Anche nell’ipotesi in cui il dissenso sia espresso da una Regione (o da una Provincia autonoma) in una materia di propria competenza, e verta tra un’amministrazione statale e una regionale o tra amministrazioni regionali, la decisione è rimessa dall’amministrazione procedente, entro dieci giorni, alla Conferenza Stato-Regioni, che decide entro trenta giorni, salvo eventuale proroga per un ulteriore periodo, comunque non superiore a sessanta giorni (cfr. art. 14-quater, comma 3-bis, legge 241/1990).
Si dispone inoltre che, qualora la Conferenza non provveda nei termini indicati, la decisione, su iniziativa del Ministro per gli affari regionali, sia rimessa al Consiglio dei ministri, che decide in via sostitutiva nei successivi trenta giorni, ovvero, quando la materia non sia di competenza statale, alla Giunta regionale (o provinciale), che decide entro trenta giorni; qualora la Giunta non provveda entro il termine predetto, la decisione è rimessa al Consiglio dei ministri, che delibera con la partecipazione dei Presidenti delle Regioni interessate (cfr. art. 14-quater, comma 3-ter, legge 241/1990).
Infine, si precisa che in caso di dissenso tra amministrazioni regionali, non si applicano i commi 3 e 3-bis qualora le Regioni interessate abbiano ratificato, con propria legge, intese ai sensi dell’art. 117, ottavo comma, Cost. (cfr. art. 14-quater, comma 3-quater, legge 241/1990).
Importanti innovazioni sono state introdotte anche dalla legge 28 novembre 2005, n. 246 recante “Semplificazione e riassetto normativo per l’anno 2005”. In particolare, l’art. 2, modificando la legge n. 59/1997, inserisce un art. 20-ter che, facendo espresso richiamo al principio di leale collaborazione, prevede la necessità di stipula, in sede di Conferenza Stato-Regioni o di Conferenza unificata, di accordi o intese tra Governo, Regioni e Province autonome “per il perseguimento delle comuni finalità di miglioramento della qualità normativa nell’ambito dei rispettivi ordinamenti”, con il fine, tra l’altro, di: “a) favorire il coordinamento dell’esercizio delle rispettive competenze normative e svolgere attività di interesse comune in tema di semplificazione, riassetto normativo e qualità della regolazione; b) definire principi, criteri, metodi e strumenti omogenei per il perseguimento della qualità della regolazione statale e regionale, in armonia con i principi generali stabiliti dalla presente legge e dalle leggi annuali di semplificazione e riassetto normativo […]; c) concordare, in particolare, forme e modalità omogenee di analisi e verifica dell’impatto della regolazione e di consultazione con le organizzazioni imprenditoriali per l’emanazione di provvedimenti statali e regionali; d) valutare […] la configurabilità di modelli procedimentali omogenei sul territorio nazionale per determinate attività private e valorizzare le attività dirette all’armonizzazione delle normative regionali”.
Inoltre, l’art. 5, comma 2, richiamando espressamente, anch’esso, il principio di leale collaborazione, stabilisce che il Governo e le Regioni, in sede di Conferenza Stato-Regioni o di Conferenza unificata, promuovano intese o concludano accordi al fine di favorire l’armonizzazione della regolamentazione in materia di adempimenti amministrativi delle imprese, in particolare individuando forme di semplificazione dell’attività di impresa, anche mediante l’incentivazione dell’attività degli sportelli unici.
Oltre agli atti legislativi richiamati, possono esserne citati altri che in varia misura contemplano nuove competenze per la Conferenza Stato-Regioni.
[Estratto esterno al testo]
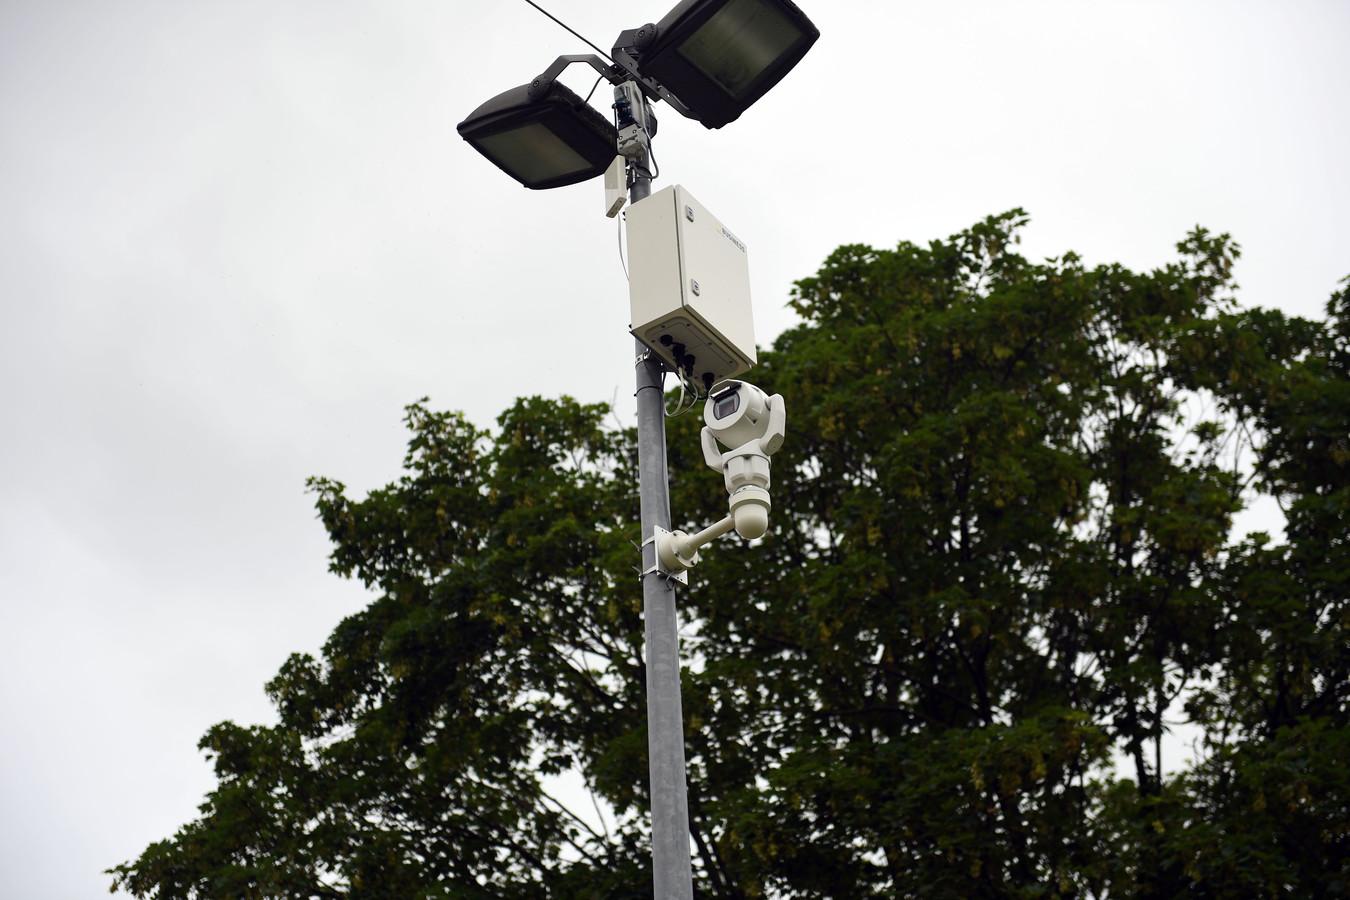 La police de Louvain en a profité pour installer et tester des caméras sans fil pour lutter contre les nuisances. Facilement déplaçables, ces caméras diffusent des images nettes, rapides et en haute résolution permettant d'identifier plus facilement les contrevenants comme dans le cas de dépôts clandestins.

In particolare, si può ricordare la legge 21 ottobre 2005, n. 219, sull’attività trasfusionale e la produzione nazionale degli emoderivati, il cui art. 6 demanda ad uno o più accordi tra Governo, Regioni e Province autonome sanciti dalla Conferenza Stato-Regioni, entro sei mesi dall’entrata in vigore della legge: a) la promozione della uniforme erogazione dei livelli essenziali di assistenza in materia di attività trasfusionale; b) l’adozione di uno schema tipo per la stipula di convenzioni con le associazioni dei donatori di sangue; c) la promozione dell’individuazione da parte delle Regioni delle strutture e degli strumenti necessari per garantire un coordinamento intraregionale e interregionale delle attività trasfusionali nonché del monitoraggio del raggiungimento degli obiettivi prefissati. In aggiunta, l’art. 12 della medesima legge prevede il coinvolgimento della Conferenza nel procedimento di istituzione del Centro nazionale sangue, struttura finalizzata al raggiungimento degli obiettivi di autosufficienza nazionale e al supporto per il coordinamento delle attività trasfusionali sul territorio nazionale.
Infine, può osservarsi incidentalmente che l’art. 5 della legge, nell’indicare i livelli essenziali di assistenza sanitaria in materia di attività trasfusionale, precisa che resta “fermo […] quanto previsto dal punto 6.4 dell’accordo tra Governo, Regioni e Province autonome di Trento e Bolzano, sancito il 22 novembre 2001 dalla Conferenza permanente per i rapporti tra lo Stato, le Regioni e le Province autonome di Trento e Bolzano”, attribuendo così valore legislativo al contenuto degli accordi stipulati in sede di Conferenza.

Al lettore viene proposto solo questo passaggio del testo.